Indeed, the Florida court Monday found that the whole of the Obamacare law is void as a result of its individual mandate being unconstitutional. U.S. District Judge Roger Vinson wrote, “Because the individual mandate is unconstitutional and not severable, the entire Act (Obamacare) must be declared void.”
In addition to Virginia, 25 other states have sued to strike down the law in a consolidated case now before a federal court in Florida. Virtually everyone agrees the constitutional challenges are destined for the U.S. Supreme Court a year or two from now.
Congress cannot afford to wait until then. It must impose an immediate moratorium on Obamacare now, until the weighty constitutional concerns at issue are resolved in the courts.

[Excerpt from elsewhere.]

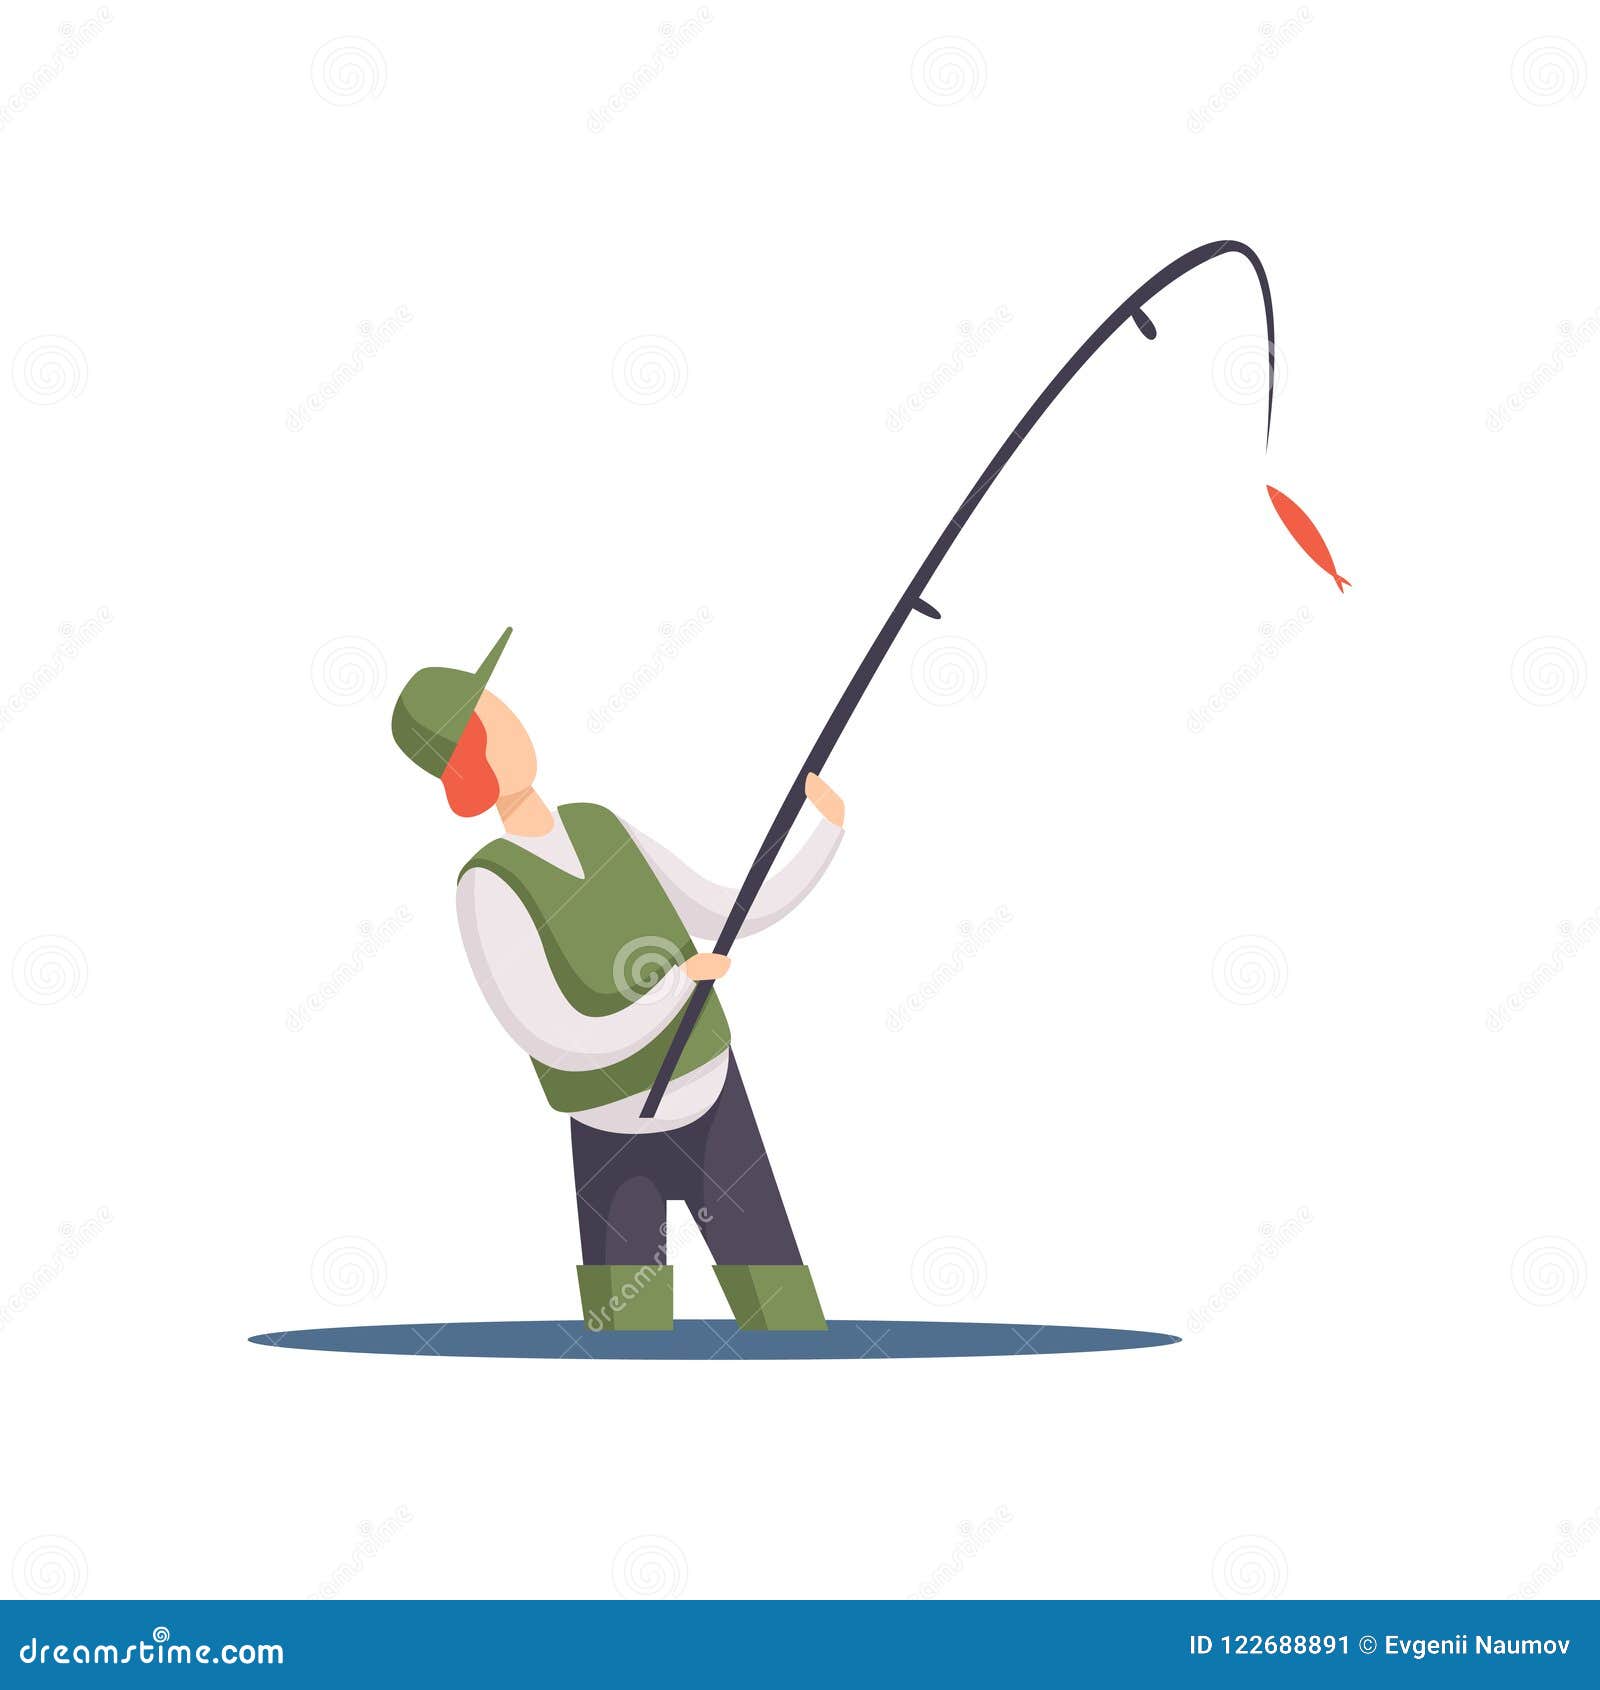 Fisherman Fishing with a Fishing Rod Vector Illustration on a White ...

As it stands, many of the supposed “benefits” of Obamacare’s individual mandate and other provisions won’t be realized until 2014. And yet, as the law winds its way through the lower courts, American health care consumers and taxpayers are already experiencing significant financial pains through skyrocketing premiums and phased-in taxes that began this year and will cost $502 billion over the next 10 years.
In September, the Wall Street Journal reported that health insurers have been forced to raise premiums “as a direct result of the health overhaul.”
Of course it wasn’t supposed to be this way. Obamacare was going to reduce premiums, not raise them. That’s what the president pitched to insurance providers, who were highly concerned about the fallout of higher premiums on their customer base.
“We [Senate Democrats and the administration] agree on reforms that will finally reduce the costs of health care. Families will save on their premiums.”
The principle justification for the president’s claim regarding shrinking premiums depended upon an expanded insurance market that would result from the individual mandate. Instead, the law has had the exact opposite effect on premiums, with devastating consequences.
Meanwhile, the Department of Health and Human Services has issued hundreds of waivers to companies so they could be saved from the Obamacare legislative “fix.” Now, we’re told that an astonishing 733 companies and politically connected unions at last count threatened to drop their health care coverage for employees altogether if they did not receive a reprieve from the law.
Obama’s claims about his health reform law were bold. The law would fix all of our health care woes, he promised, efficiently and cost-effectively. But the law has only roiled the health insurance market and lent uncertainty to many Americans’ health care.
Congress should declare a moratorium on the health care reform law until the courts can settle the issue of its linchpin — the individual mandate. Even supporters of Obamacare, perhaps even Obama himself, might concede that the law won’t work as intended until the courts settle the core constitutional issues.
What harm would there be in placing Obamacare on hold?
Certainly no American should be paying the higher prices for a health care plan now that could very easily, in the end, disappear with a strike of a judge’s gavel.
While we do not know the ultimate fate of Obamacare in the courts, as we saw last Monday, the future of the law is very much in doubt. If, in the meantime, you think an Obamacare moratorium is warranted, feel free to push the idea in letters to your local newspaper, with your personal networks, and especially with your elected representatives.